# Constructing a Team

My flatmates were struggling to create a team that met the criteria of [this tweet](https://twitter.com/Carra23/status/1250066001821130759).

With the right data this is surely just a simple constraints problem. I challenged myself to come up with my own team. I know little about football beyond my interest as an 8 year-old. 

I took data from [this repository](https://github.com/pratapvardhan/FIFAWorldCup) which contained players from each world cup, with their corresponding clubs.

An important component of this problem is that none of the players can have played for the same team at any point. Each data point contains the club the player played for in that year.

Due to limitations in the data there are a range of assumptions that must be made which prevent the results being 100% accurate. More like 99%.

There are other data set out there which contain rankings, however this could require significant fuzzy matching of names, and missing data for older players. 

The driver of this selector is constructing a set of clubs and nations that the players have been part of, checking whether their attributes are within that set, and adding them to the team. Each player is selected randomly from their position set.

In [1]:
import pandas as pd
import random as rd

In [None]:
total_data = pd.read_csv("squads.csv")

# Number of people in each position
GK_NUM = 1
DF_NUM = 4
FW_NUM = 3
MF_NUM = 3

# Improve the quality of players by how many times they played for their nation.
MIN_CAPS = 2

YEAR_SINCE = 1996

In [2]:
total_data.head()

Unnamed: 0,No,Pos,Player,DOB/Age,Caps,Club,Country,ClubCountry,Year
0,1,1GK,Ángel Bossio,(1905-05-05)5 May 1905 (aged 25),,Talleres,Argentina,Argentina,1930
1,1,1GK,Juan Botasso,(1908-10-23)23 October 1908 (aged 21),,Quilmes,Argentina,Argentina,1930
2,9,4FW,Roberto Cherro,(1907-02-23)23 February 1907 (aged 23),,Boca Juniors,Argentina,Argentina,1930
3,4,2DF,Alberto Chividini,(1907-02-23)23 February 1907 (aged 23),,Central Norte Tucumán,Argentina,Argentina,1930
4,10,4FW,Attilio Demaría,(1909-03-19)19 March 1909 (aged 21),,Estudiantil Porteño,Argentina,Argentina,1930


How many different players do we have?


In [25]:
all_players = len(total_data["Player"])
unique_players = len(total_data["Player"].unique())
print("Total player instances {0} and {1} unique players in the data".format(all_players, 
                                                                             unique_players))
percent_one_cap = (all_players - unique_players)/all_players
print("{0}% of players only played once in the World Cup since 1930".format(percent_one_cap))
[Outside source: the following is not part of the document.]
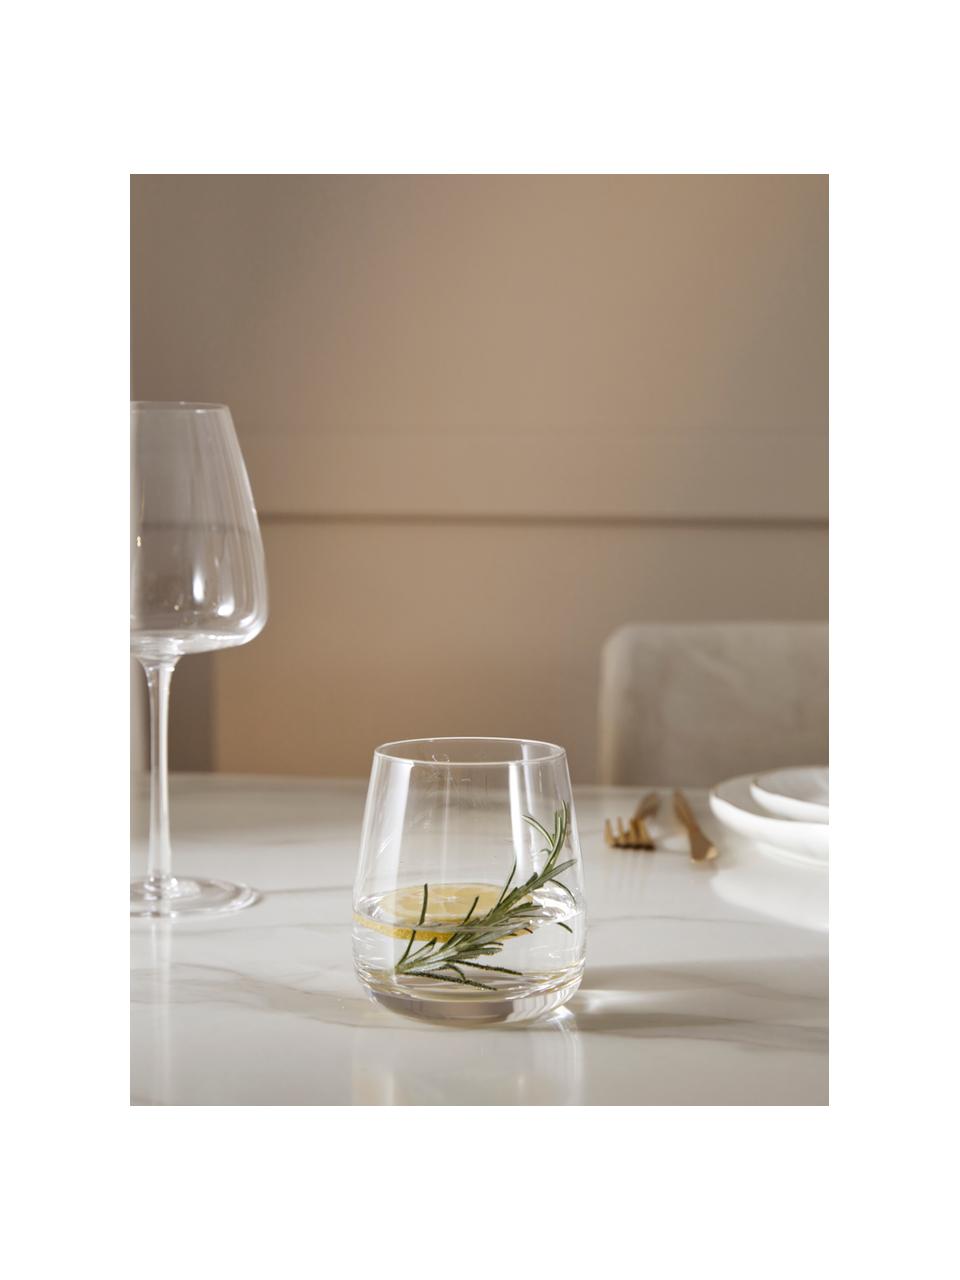 Bicchiere in vetro soffiato Ellery 4 pz, Vetro, Trasparente, Ø 9 x Alt. 10 cm, 370 ml

Total player instances 8897 and 7191 unique players in the data
0.19175002809935934% of players only played once in the World Cup since 1930


In [4]:
total_data.info()

<class 'pandas.core.frame.DataFrame'>
RangeIndex: 8897 entries, 0 to 8896
Data columns (total 9 columns):
No             8873 non-null object
Pos            8897 non-null object
Player         8897 non-null object
DOB/Age        8805 non-null object
Caps           6086 non-null object
Club           8897 non-null object
Country        8897 non-null object
ClubCountry    8897 non-null object
Year           8897 non-null int64
dtypes: int64(1), object(8)
memory usage: 625.7+ KB


Columns we are most interested in are: Pos, Player, Club and Country. These don't have missing data.

In [5]:
# Keeps in only players who played in a world cup after a certain year
correct_age = total_data[total_data["Year"] > YEAR_SINCE]

# How many players in our timeframe
len(correct_age["Player"].unique())

2576

In [6]:
# Prevent duplicates by removing "(c)"'s denoting captains //TODO make cleaner
correct_age["Player"] = correct_age["Player"].str.replace(r"(c)", "").str.strip()
correct_age["Player"] = correct_age["Player"].str.replace(r"(", "").str.strip()
correct_age["Player"] = correct_age["Player"].str.replace(r")", "").str.strip()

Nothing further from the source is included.